翌日は、ガッツリ雨だった。玄関から車庫まででびしょ濡れになるほどの土砂降りだ。

それでも、どうしても峠での具合を確かめたくて、カッパを着てバイクを引き出した。奴と走るようになってから、雨で乗るハードルがバカみたいに低くなっている。
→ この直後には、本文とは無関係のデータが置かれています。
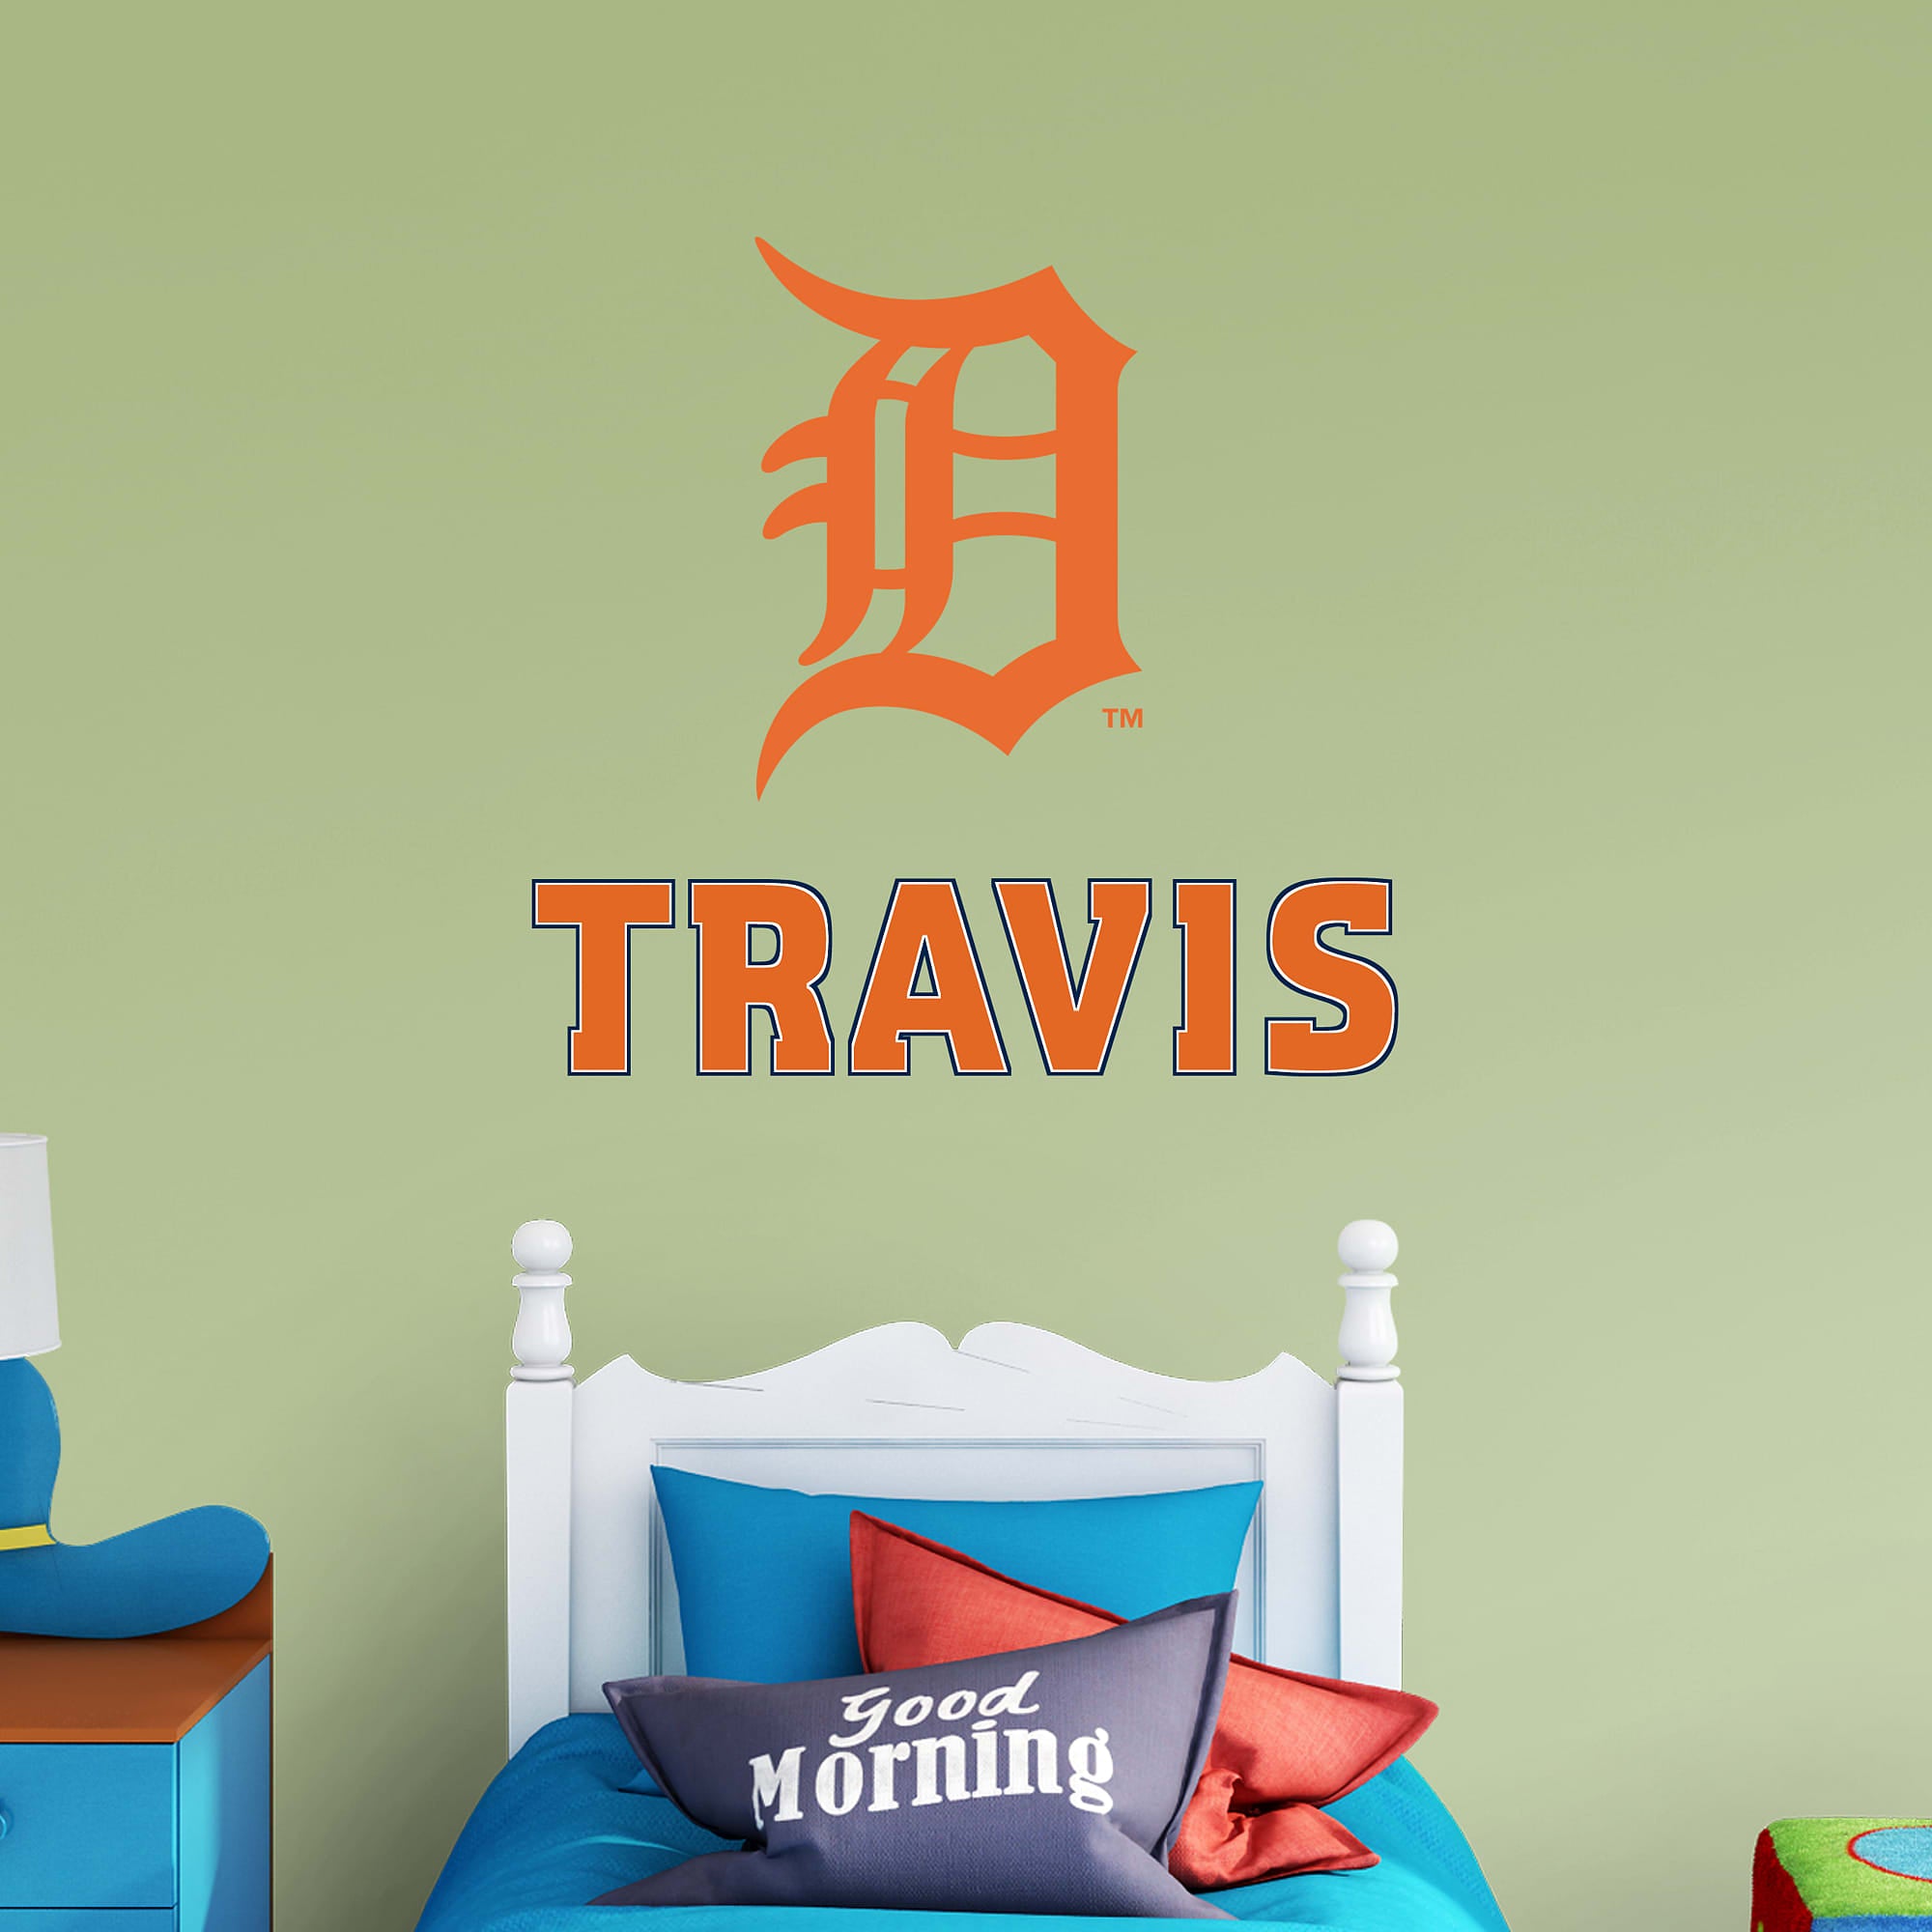 Detroit Tigers: Old English "D" Stacked Personalized Name - Officially Licensed MLB Transfer Decal in Orange (52"W x 39.5"H) by

新調したワークマンのカッパが、ここで役立つとは思わなかった。


R6から左折し、風神山の道を抜ける。

普通に走るだけで、確かに安定感は増していた。手に伝わる振動が丸くなり、路面の凹凸を車体がしなやかに吸収しているのがわかる。

市街地を抜け、諏訪林道に出る。

雨の峠に入る前に、一旦、気合を入れ直した。

滑る路面、右手の指先に神経を集中させる。一度強めに握り、手応えを確認してから緩める。旋回は滑りを意識し、リーンウィズよりわずかに体を外に構える。スロットルはパーシャルを保ち、挙動を乱さないよう細心の注意を払う。

遠心力の弱い旋回を抜け、立ち上がる。

フィーリングは、いつもと変わらない。

……結果から言おう。

現実の世界に魔法なんて存在しない。ハリー・ポッターは、所詮作り話なのだ。

直線であれほど感じた安定感は、コーナリングでは何もない。

雨で速度が遅かったせいもあるだろうが、曲がりにくさも、立ち上がりの開けやすさも、特筆すべき変化はない。ネガティブなわけではなく、ただ「何も感じない」のだ。

俺が鈍いだけか、あるいは特記するような劇的な変化は起きないのか。

せっかく土砂降りの中を飛び出してきたのに、何も掴めなかった。


車庫に戻り、濡れたカッパを干しながら、目標とする「09をちぎる計画」を見つめ直す。

今回は、雨だった。次は晴れた日に、もう一度このダンパーの真価を確かめに行こう。

今日は夕日を見られなかったが、近い将来、この相棒に最高の夕日を見せてやるつもりだ。